§ **Instructions to follow**: Give again, word for word, the lines below that run from the line with "How to get free coin in Coin Master" through the line with "3rd November 2009: Two". Drop the pictures.

§ **Material for this exercise**:
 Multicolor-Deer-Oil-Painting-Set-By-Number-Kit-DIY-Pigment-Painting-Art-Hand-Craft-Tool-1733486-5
--
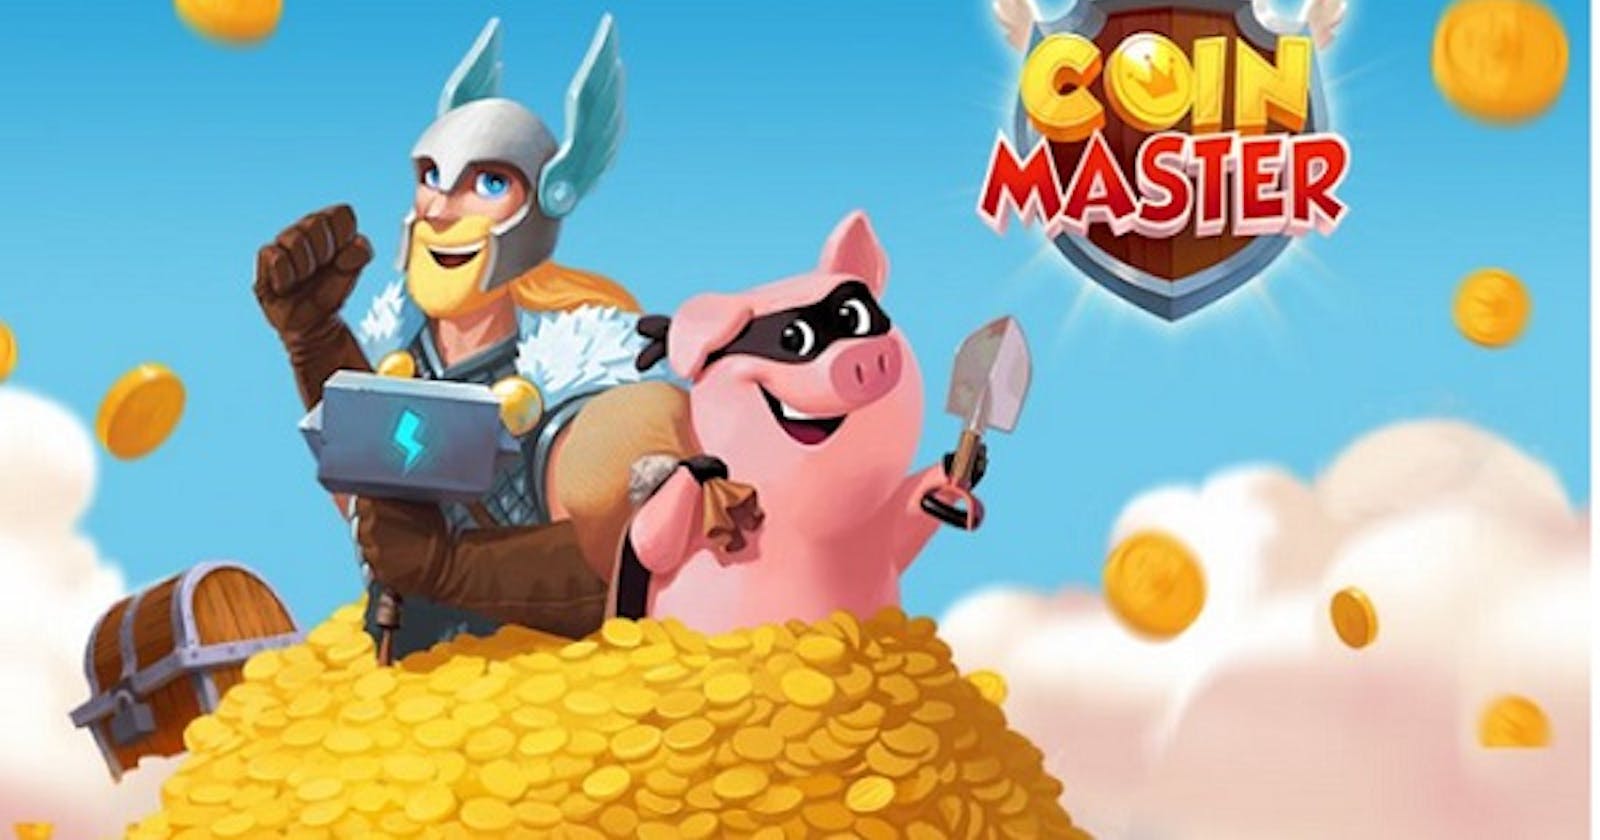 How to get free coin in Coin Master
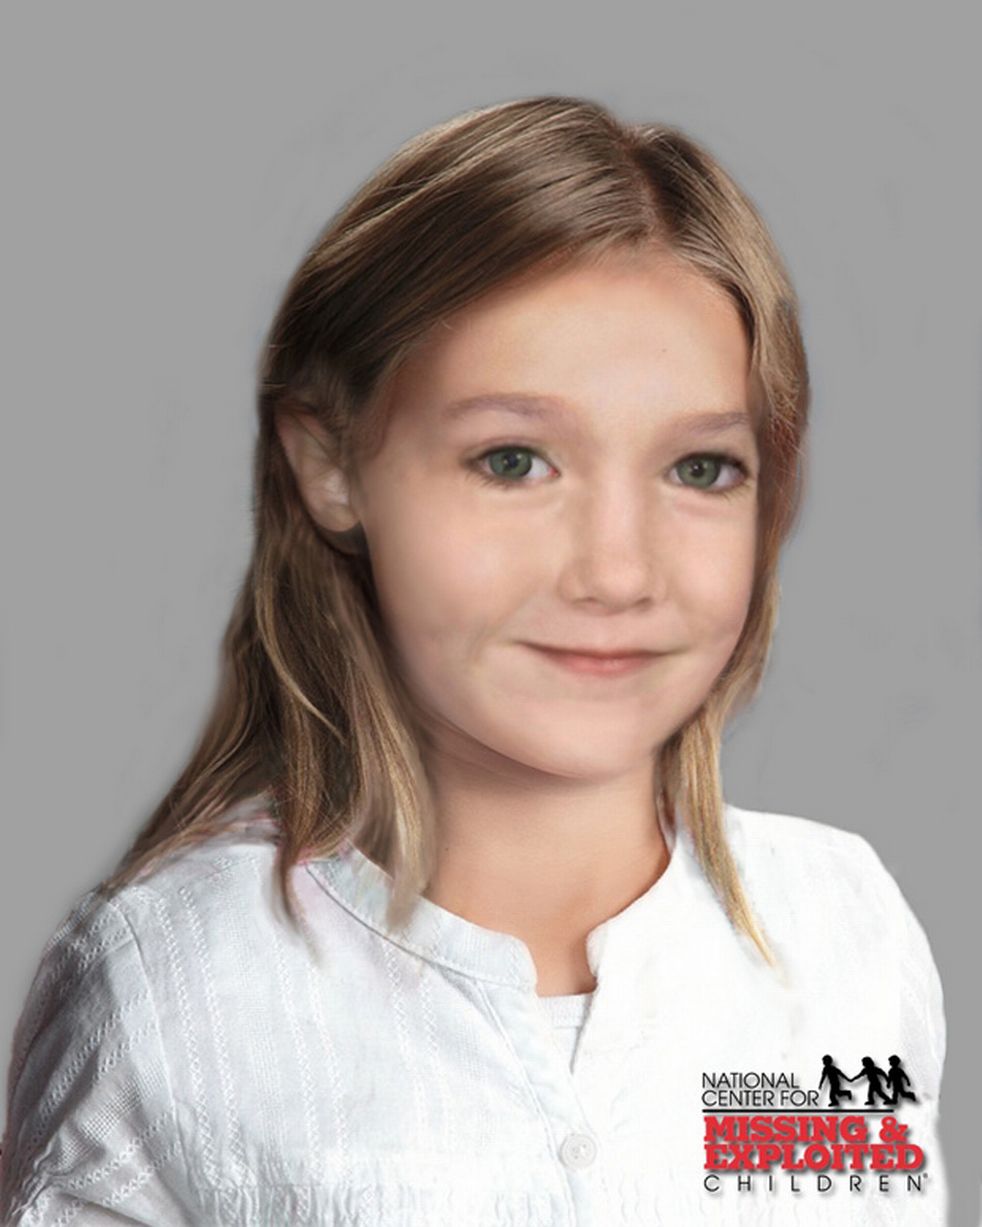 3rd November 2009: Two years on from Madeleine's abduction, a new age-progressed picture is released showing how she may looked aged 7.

§ **Answer to the exercise**:
 How to get free coin in Coin Master
 3rd November 2009: Two years on from Madeleine's abduction, a new age-progressed picture is released showing how she may looked aged 7.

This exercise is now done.